“刘副,你要的东西。”江有汜走来林年等人的身旁,手里提着一个亮黄色的大号强光手电筒,看这块头和上面【勿照人眼】的警告可以看得出这东西的功率恐怕大得惊人。
“谢了。”刘副部长提过强光手电向林年示意了一下,“20万流明的户外强光手电,一般我们用来探山搜捕逃窜的嫌犯的时候用的。”
“手电筒。”李获月盯向刘副部长。
“如你所见,手电筒,没什么特殊的,唯一要说的话就是功率大了一些。”副部长用力提了提手电,以显示他的沉重和给力。
“20万流明?散热能行吗?”林年还是大概清楚20万流明是个什么概念,著名的灯厂奥迪公司生产的汽车氙气头灯也不过3200流明,现在他们手里的这玩意儿能有20万,不会这手电筒刚刚点亮就过热炸掉了吧?
“材料学这方面上你永远可以相信天机阁,毕竟我们就是吃这碗饭的。”刘副部长拎着死沉死沉的强光手电,又有些遗憾地补充,“只可惜技术有限没法做到轻量化,电池方面也是个大问题,如果能在轻量化的前提下维持功效不变,又或者不少太多,完全就能开发出新式的武器用来装备狼居胥的干员们。”
“手电筒也能当武器么?”还没有离开,陪同着几人随时鞍前马后的江有汜下意识问。
“可别小看手电筒呢,你听说过‘真言术·天珠’吗?”刘副部长饶有趣味地看向点头的江有汜,说起了似乎无相关的话题。

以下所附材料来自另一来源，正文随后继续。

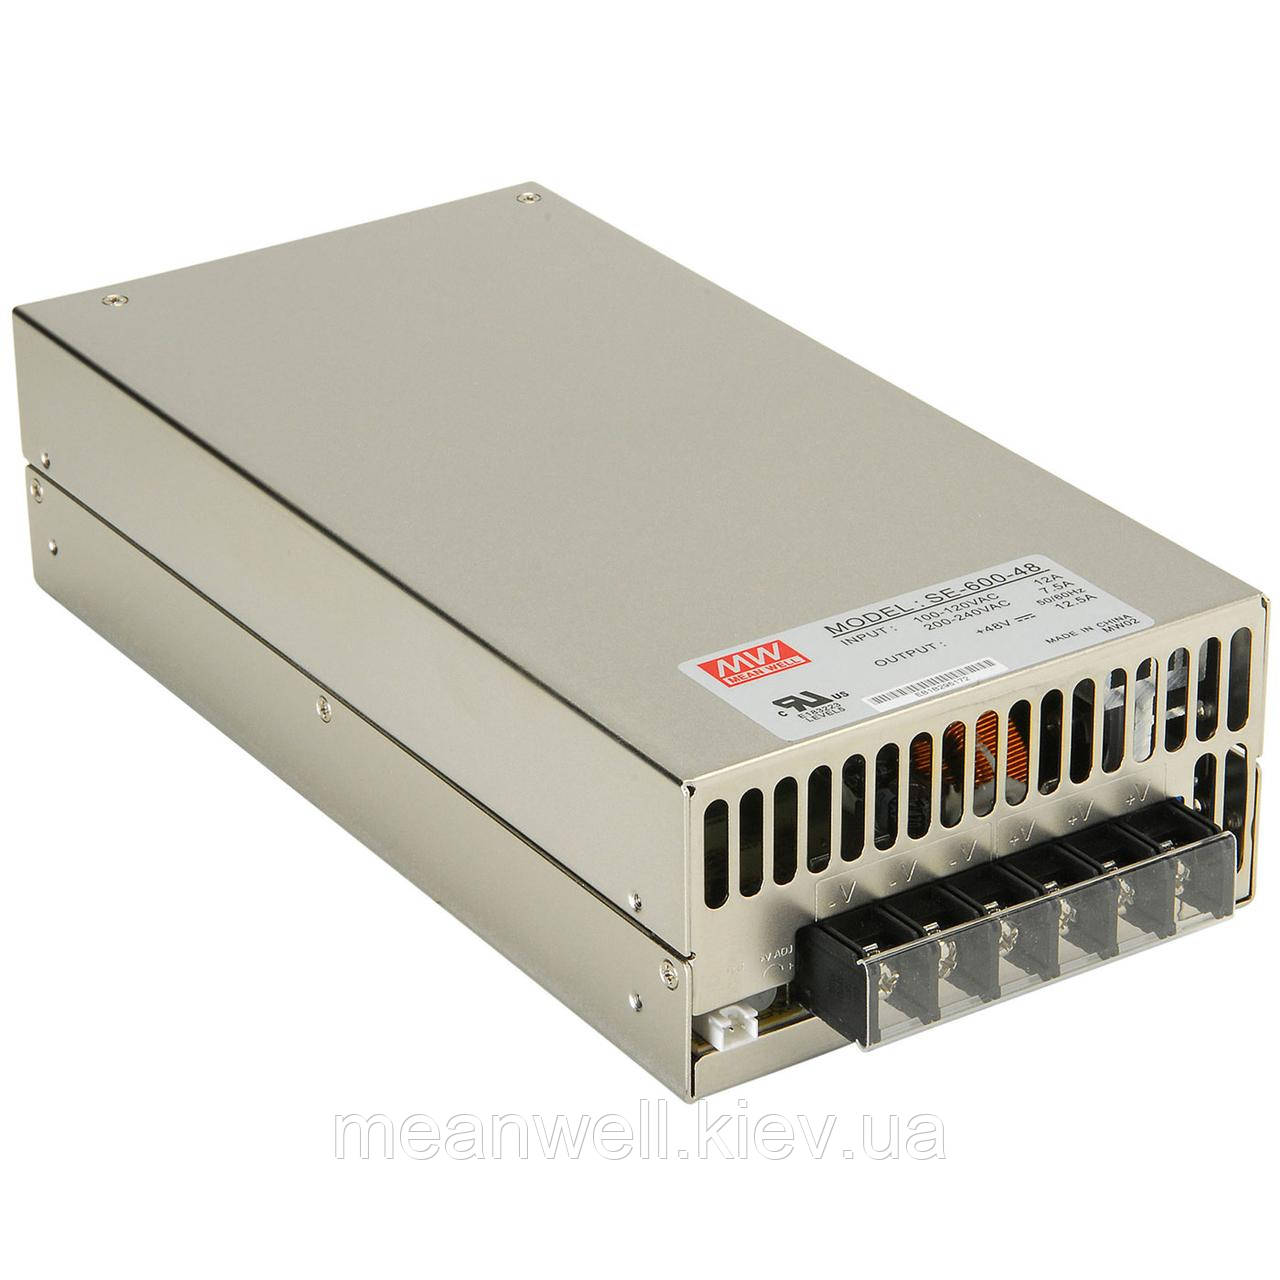 SE-600-36 Блок питания Mean Well 597.6 вт,36 в, 16.6 А

“好像听说过...发光的那个真言术?”江有汜不太确定自己的记忆。
“就是发光那个。”刘副部长点头,“不知道你们有没有读过北宋沈括的《梦溪笔谈》。”
“听说过。”林年说,江有汜点头,大概意思也是听过没读过。
“在《梦溪笔谈》中,有一个篇章提到过‘嘉祐中,扬州有一珠,甚大,天晦多见’,说是有一颗从天上落下来的神秘珠子,最开始被人发现在天长县陂泽中。当时被发现时正是夜晚,发现的人以为是天降宝物,迫不及待地想要去捕获献给皇帝封官加爵,不料在悄悄接近时那颗神秘的珠子忽然散发出刺目的光芒,将整个湖泊都照亮了,更有甚者说是远在五百公里外的开封京城都见到了南方既白,利益熏心的寻宝人在光亮褪去后瞎了眼睛成为了乞丐沦落街头,每每被人见到都会警醒为冒犯了‘天珠’不得善终。”

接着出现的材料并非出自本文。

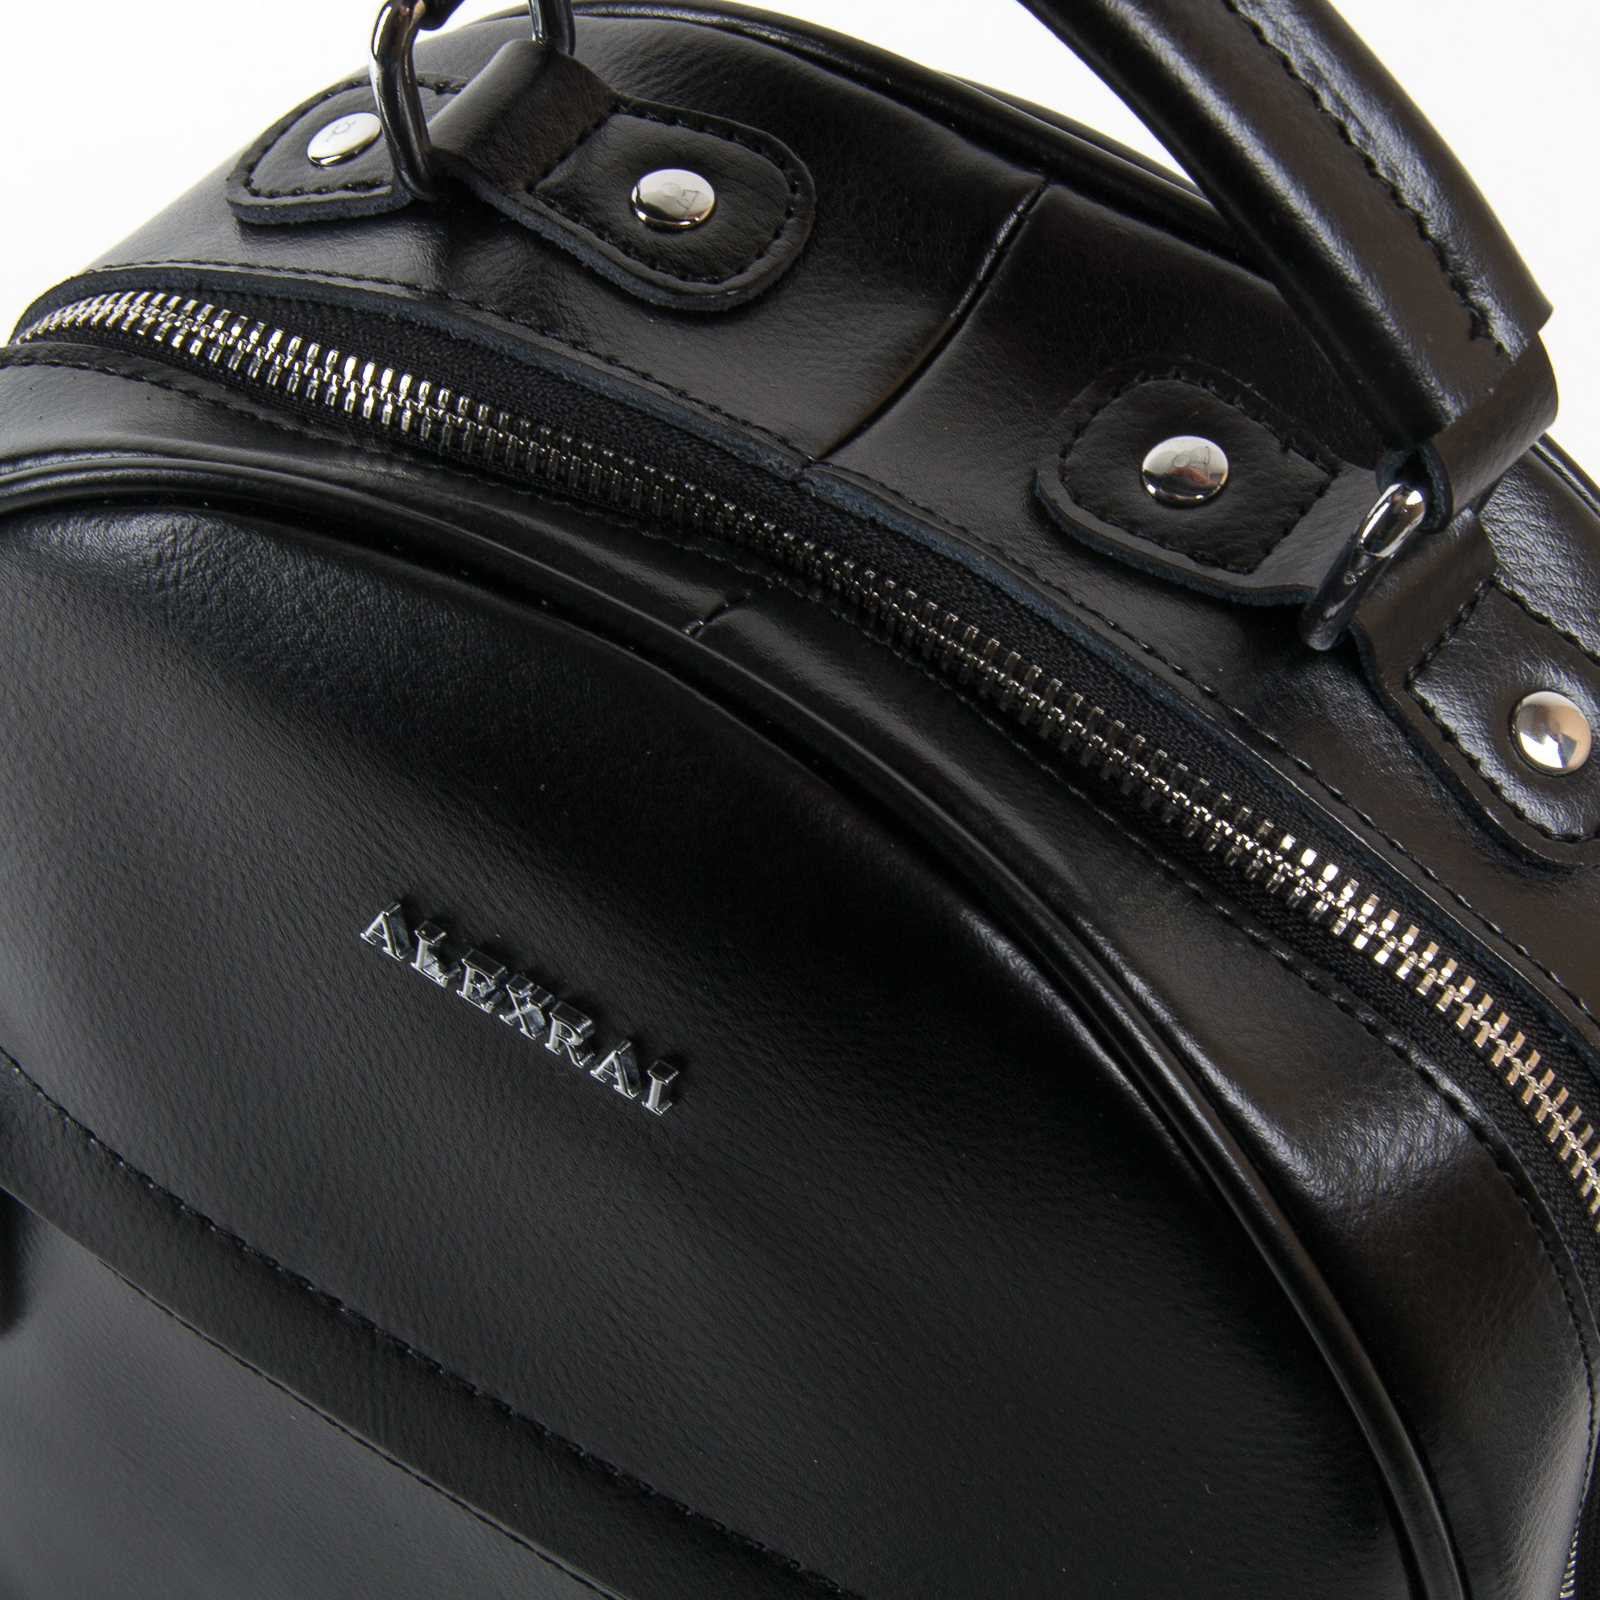 Сумка Женская Рюкзак кожа ALEX RAI 03-01 8715 black - фото 3

“您的意思是,这个故事的原型是一个真言术所导致的?”江有汜表情有些匪夷所思。
“其实像是《梦溪笔谈》这样的古书,比如《酉阳杂俎》《神仙传》还有《山海经》等等,里面都有大篇类似的奇闻轶事桥段,后世人研究之后都认为这是古人对未知的自然现象以及生物的荒诞揣测。混血种内的一些历史和考古学家在研究后发现,这些古人记载的奇闻轶事里也存在着不少龙族文明的痕迹,真言术更是在大多篇章留下了许多浓墨重彩之笔。”副部长兴致满满地说,
“‘天珠’这个真言术最早的起源都被公认是《梦溪笔谈》中的这一桥段,真言术本身的效果是释放以本身为中心领域内放射强度超过4000流明的强光,虽然没有杀伤力但是可严重影响视觉...”

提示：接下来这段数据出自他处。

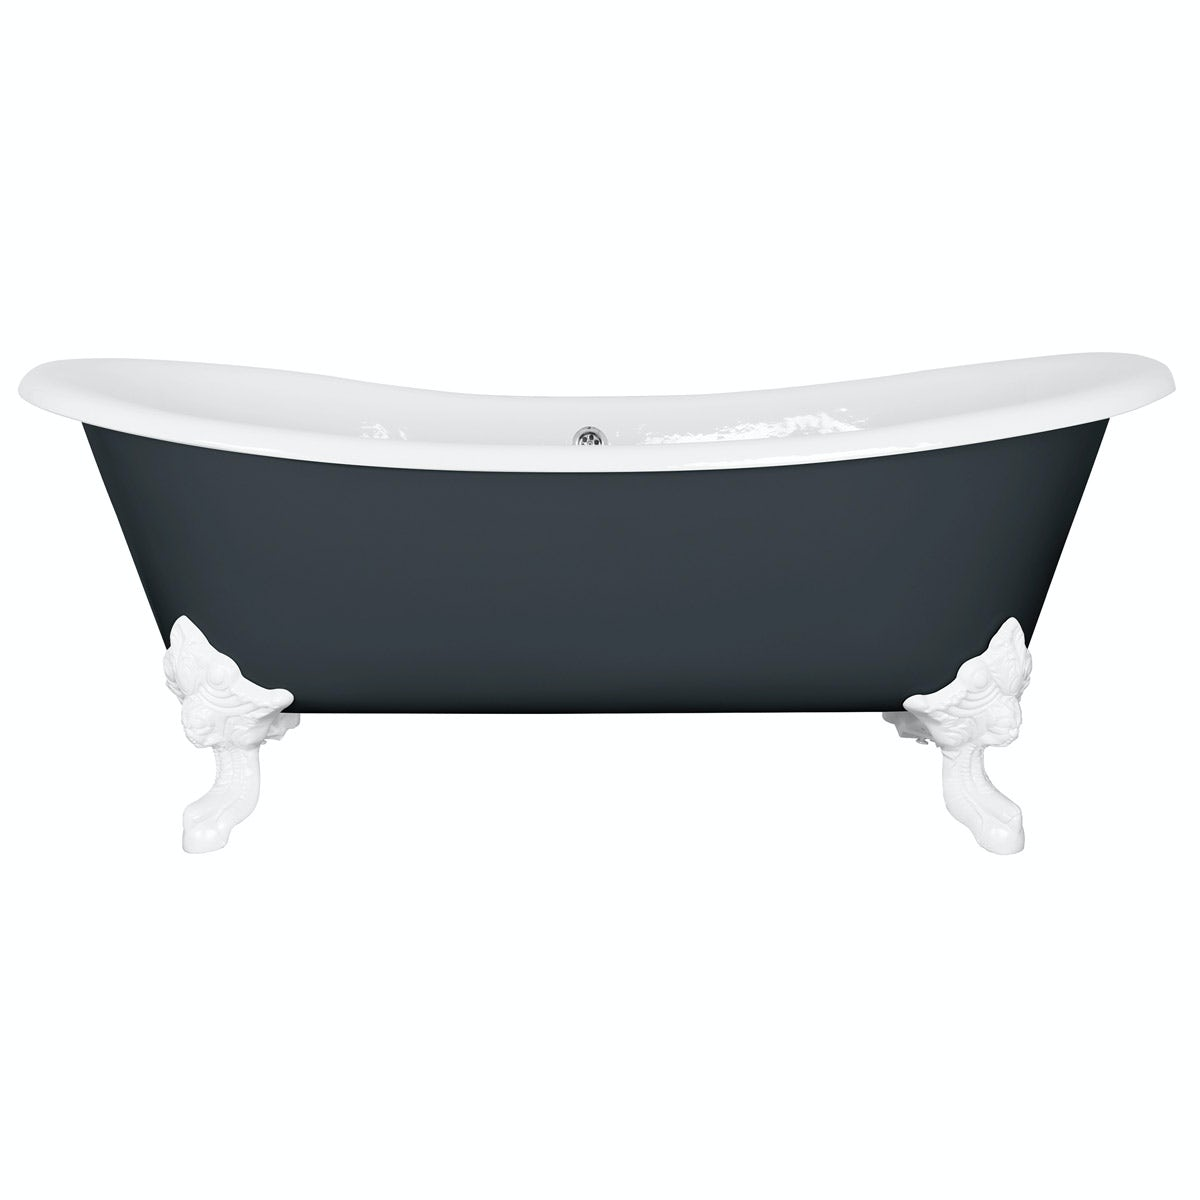 The Bath Co. Dover province blue cast iron bath

“言灵·炽日?”林年忽然反应过来了这位刘副部长所说的‘真言术·天珠’对应的言灵是什么了。
“在西方混血种一边对于‘天珠’的命名的确是‘炽日’,直白好懂,但在我们这一边对于真言术的命名都多在于引经据典。”
“在卡塞尔学院的教科书上‘炽日’这个言灵最早的发现者是路易十四,也就是那个自封太阳王的法国人,野史记载在公开演讲时,国民发现自己的国王双手摊开时脑袋后面一英尺的地方有个光源在悬浮,不少人大肆宣称路易十四是耶稣复生——毕竟他们的国王本身就是天主教的狂信徒,活了77年只洗了77次澡,只因为天主教的教义中,人修行就是为了洗涤灵魂,洗澡反而会影响人的修行。”林年说。
“路易十四是混血种?”刘副部长有些好奇,他不太了解外国的那些野史和轶事。
“不,路易十四只是个普通人,装耶稣复生这个技巧其实是他从乡野的一个拥有者‘炽日’言灵的赤脚医生那里得到的。”林年说,“因为‘炽日’在照明的同时也是非常好的便携式紫外光源,能在极短的时间里灭杀领域内的一切病毒和细菌,在那个年代基本就是行走的无菌室,那个赤脚医生发现了这个原理,并且积极开发使用,很快就成为了不可多得的神医。在医术神乎其技的同时,那个赤脚医生平时唯一的乐趣就是用言灵装耶稣让长得不错的村姑们为他产下‘圣子’。后面这个传闻落到了路易十四耳中,就命令把人传唤过来许诺官爵千金,从对方口中得到了‘炽日’的秘密之后,自此耶稣转生的对象就变成了国王。”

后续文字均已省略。